Those who occupy pulpits, be they the bully pulpits of the president or other nationally prominent people or the local yet influential pulpits of pastors, have special responsibilities for discerning signs of the times and pointing directions. Feeling some of that responsibility, this author is fumbling for ways to make a possible contribution.

Let me stress that when asked about the future, all honest historians have to say, “I don’t know.” But the past does offer some landmarks, some sense of what the future landscape might be. Some interviewers tell me that as they consider the future, they find useful a distinction I have made between the ways nations, societies and cultures experience change.

One way is glacially. That is, change is significant over the long pull, but not always perceptible in the short. The glacier slowly finds its way down the mountain, melting, gaining new snow at its source, carving a moraine, altering the landscape. Because such change is so gradual, a society seems very stable. Such change represents an approved social contract. We make decisions in view of a slowly altering landscape.

The other way is seismically (shock, earthquake, to shake). On September 11 the shock to the Pentagon, the earthquake-like destruction of the World Trade Center, and the shaking of our psyches forced a change so immediate and drastic that we do not yet have words for it, or the imagination to foresee the directions it will take us.

The immediate response to this seismos led citizens to fill churches, temples and mosques, hold candlelight vigils with their neighbors, shake in rage, wave the flag, tremble, seek and give counsel, and ask where God is in all this, or where God would lead us.

Historians, trained to roll with the punch of history and schooled not to confuse each rattle of teacups with true earthquakes, are cautious and reserved when asked to foresee aftermaths. The record of the human race reveals that people can roll with hard punches, absorb the shock of events and pick up the pieces of their shattered lives. So we try to avoid hyperbole.

Try as I might, however, I cannot imagine returning to a world in which any generation can wake up feeling relatively secure, as most Americans have in most years, even after shaken by other earthquakes (Pearl Harbor, the Kennedy assassination, etc.).

That said, I also do not imagine that citizens should or could drop everything and act in shock and panic all the time.

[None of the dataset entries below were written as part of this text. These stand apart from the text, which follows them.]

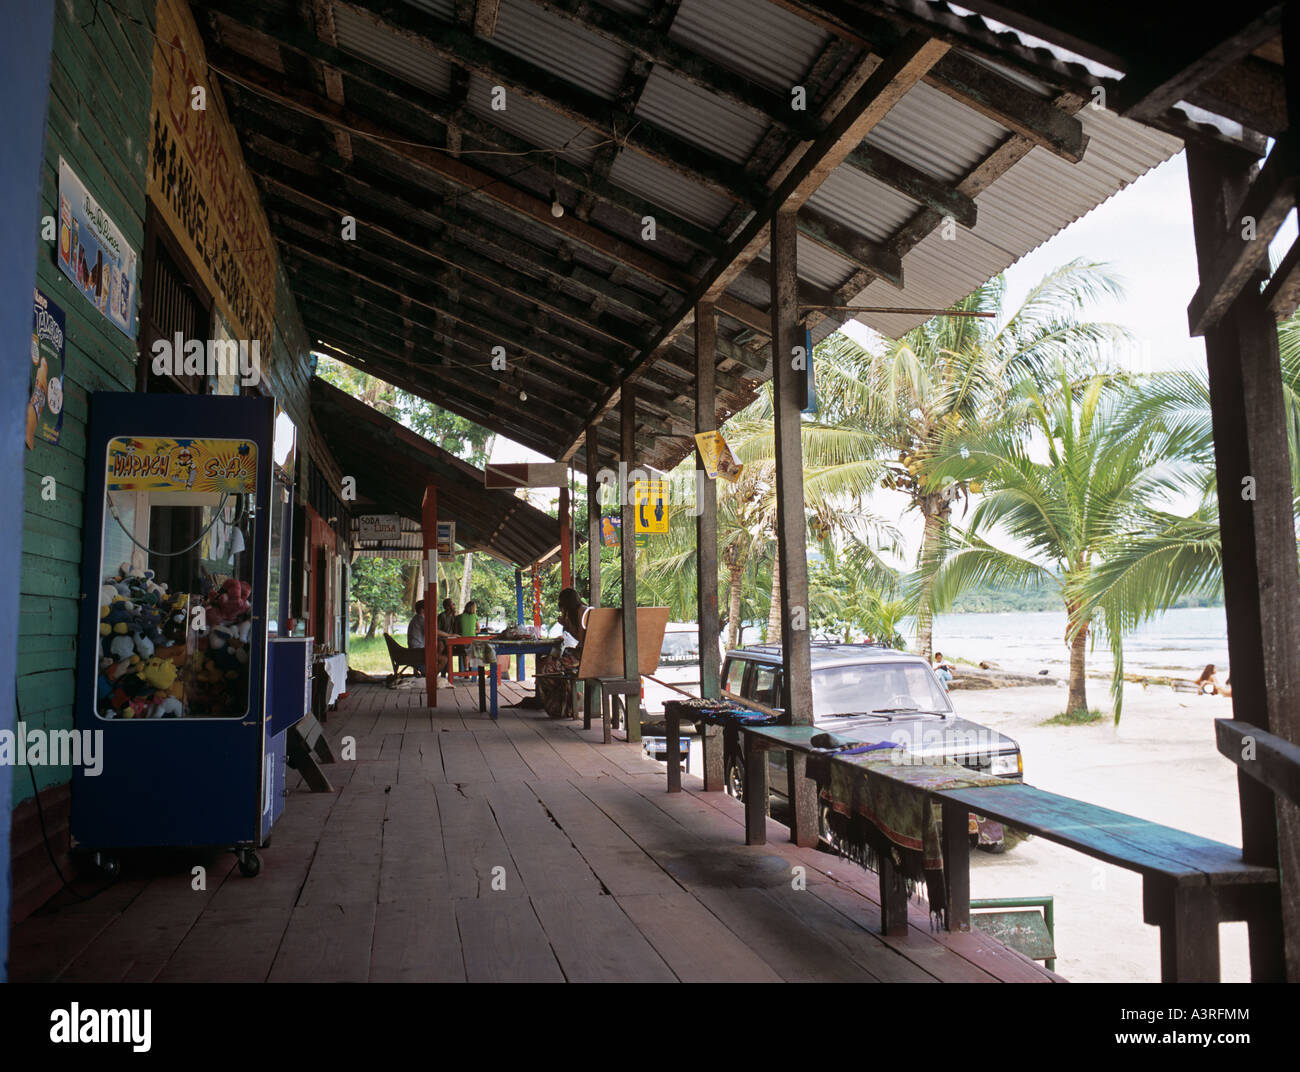 GENERAL STORE CAFE lo scambio di denaro con veranda in legno Puerto Viejo Limon Costa Rica America Centrale Foto Stock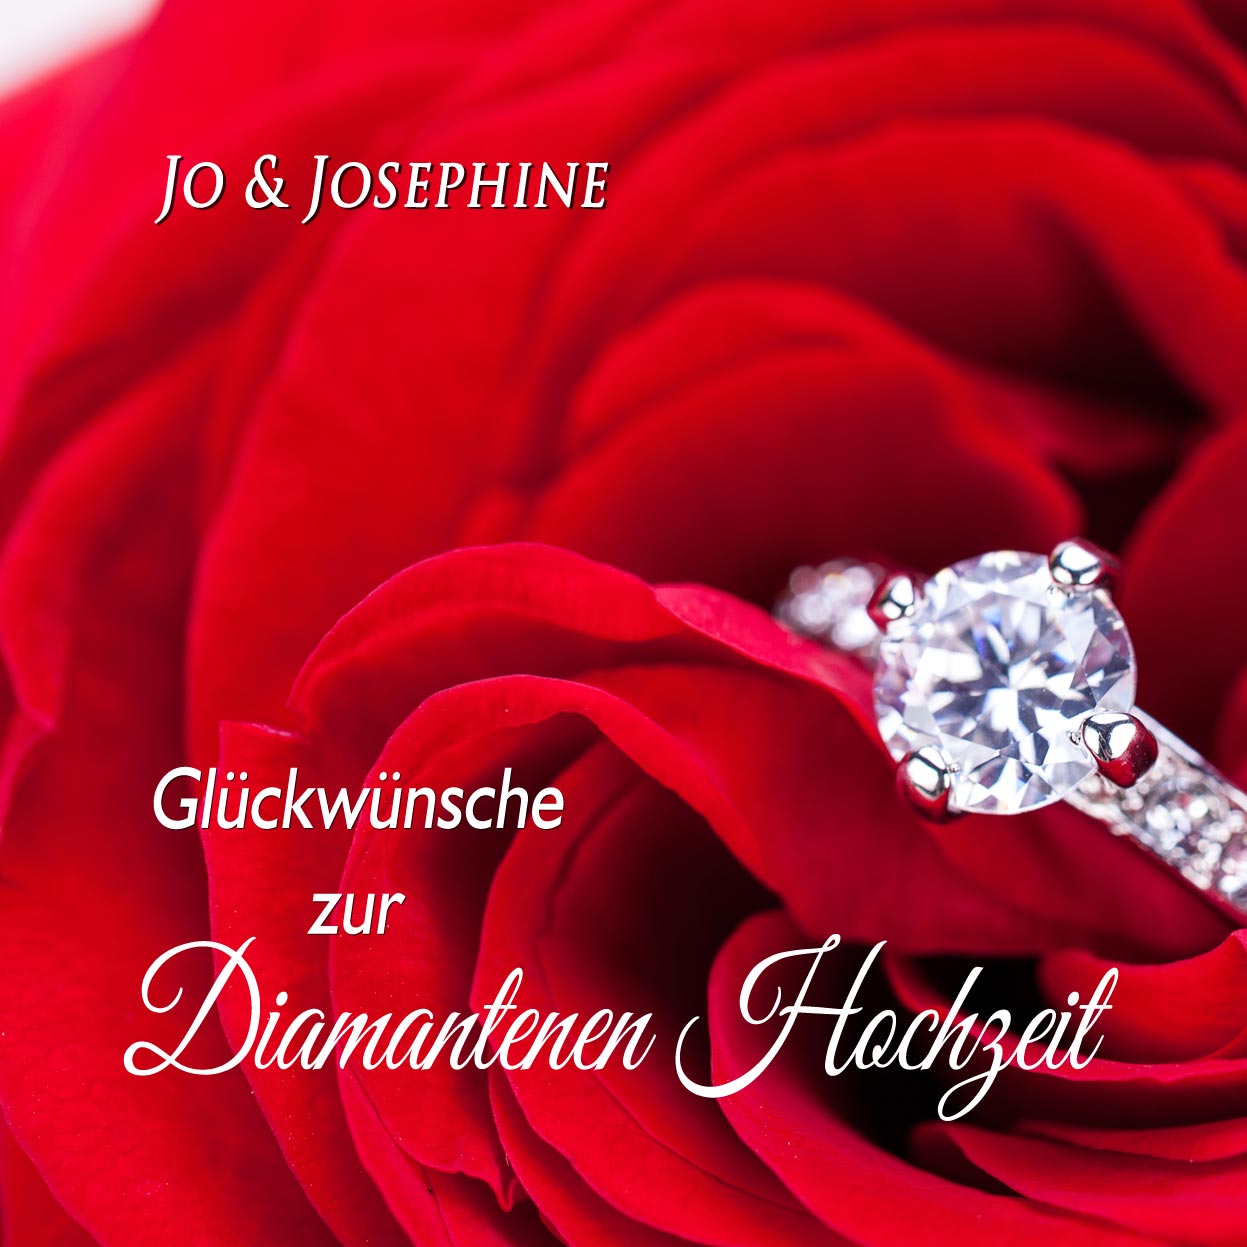 Gratulationslied Fur Diamantene Geschenk Zum Hochzeitstag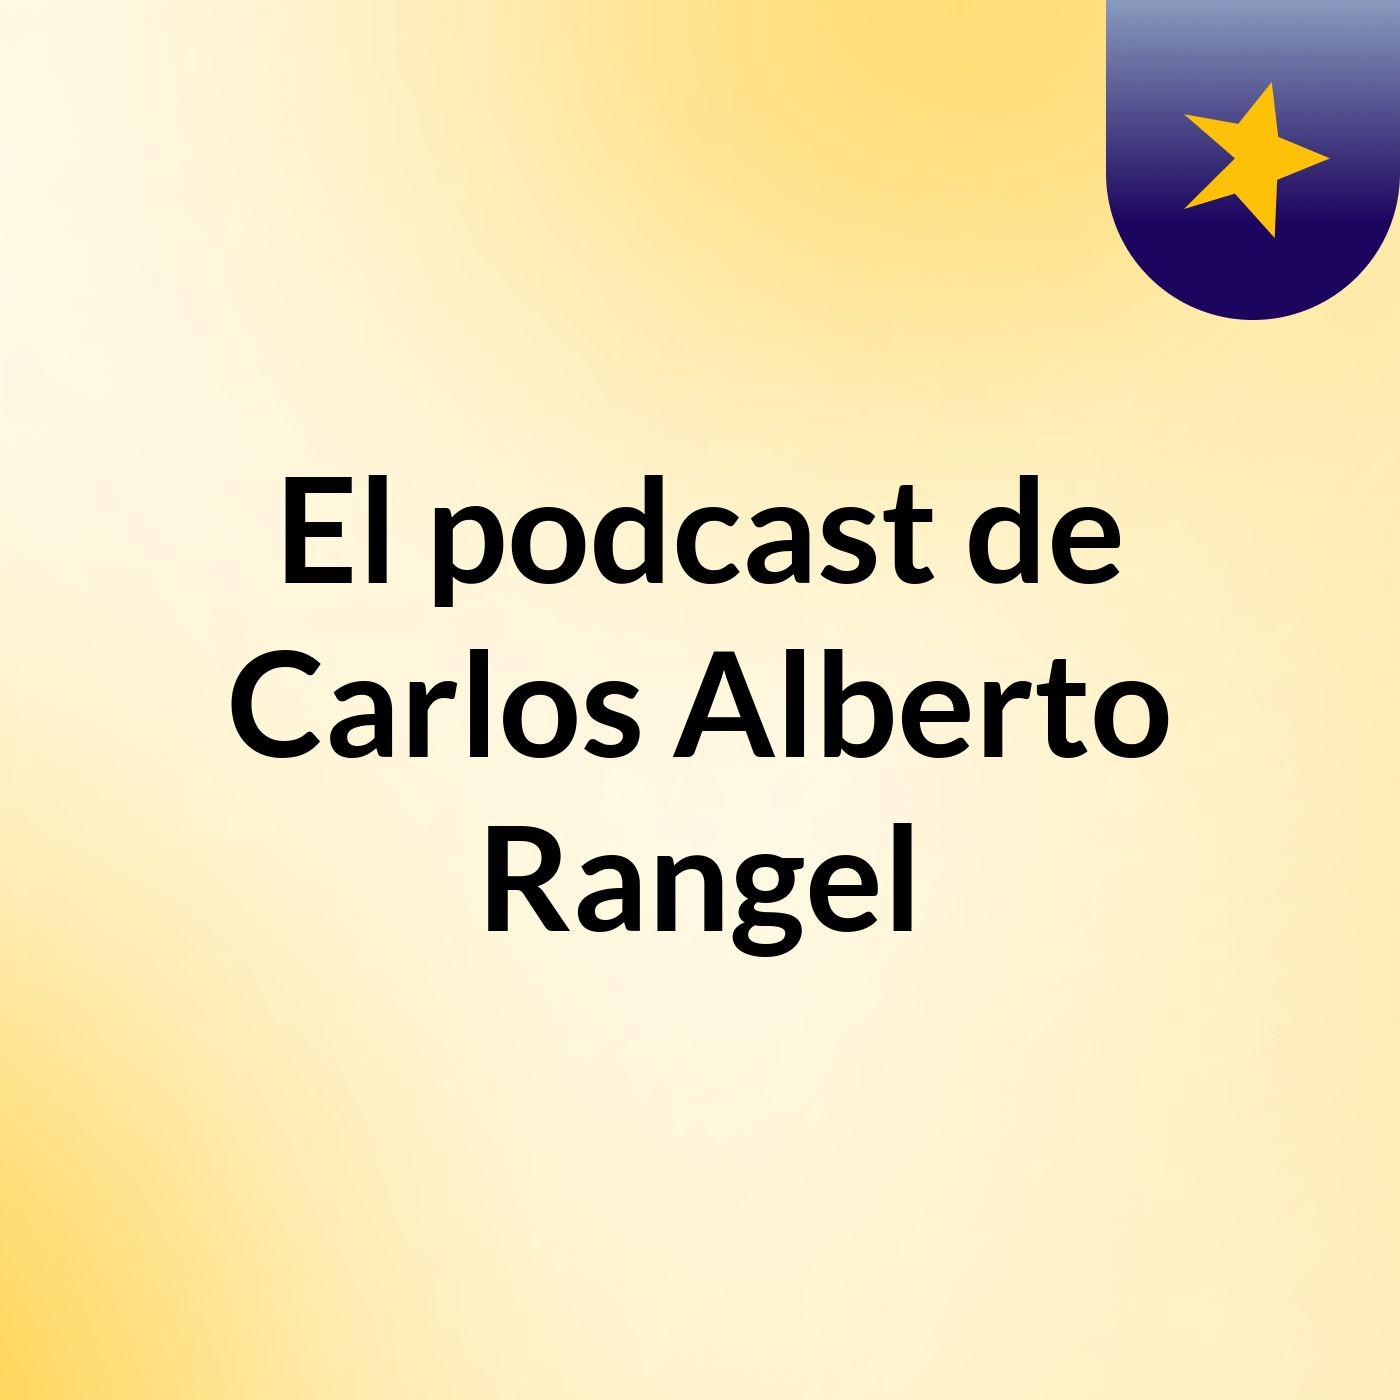 Episodio 5 - El podcast de Carlos Alberto Rangel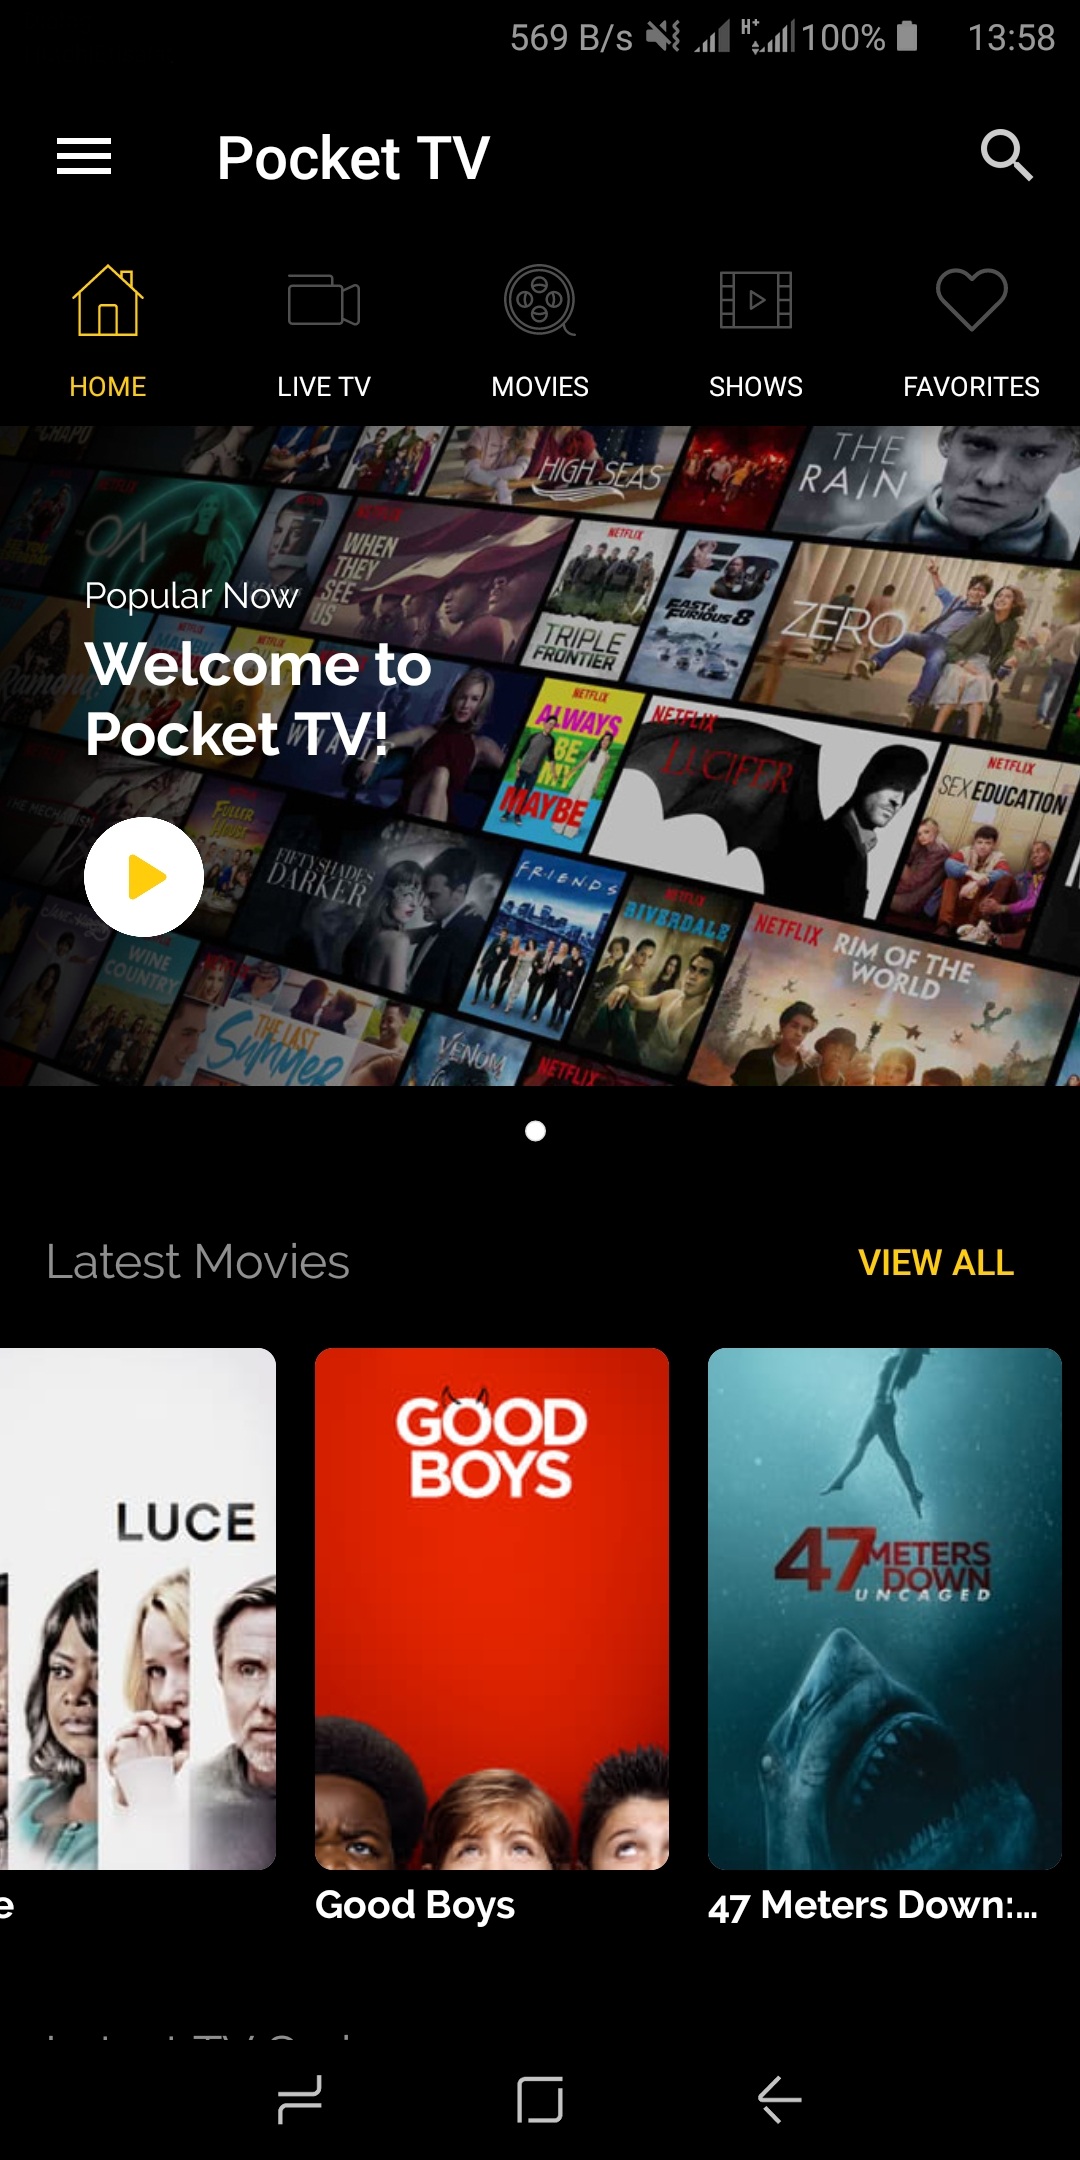 Pocket TV Mod Apk: Description, Features, UI and More

The Christian faith, for example, calls people to resume their vocations. They are to respond to the call of God to lead “whole” lives, with their mix of joys and sorrows, traumas and resolves, feasts and fasts, moments of clarity and seasons of confusion.

What we will all both be watching and helping to develop now is an altered moraine, a landscape more swiftly and perceptively changed. Will political parties now both come together where that brings healing and focus and contend vigorously where issues of justice are involved? Will religious groups both seek and employ common language that serves people and reach to the deeper resources that the particular faiths provide? Will those who kept vigils and crowd chapels both recall the strength they got there and carry that vision into the world? (And frequent those sanctuaries?)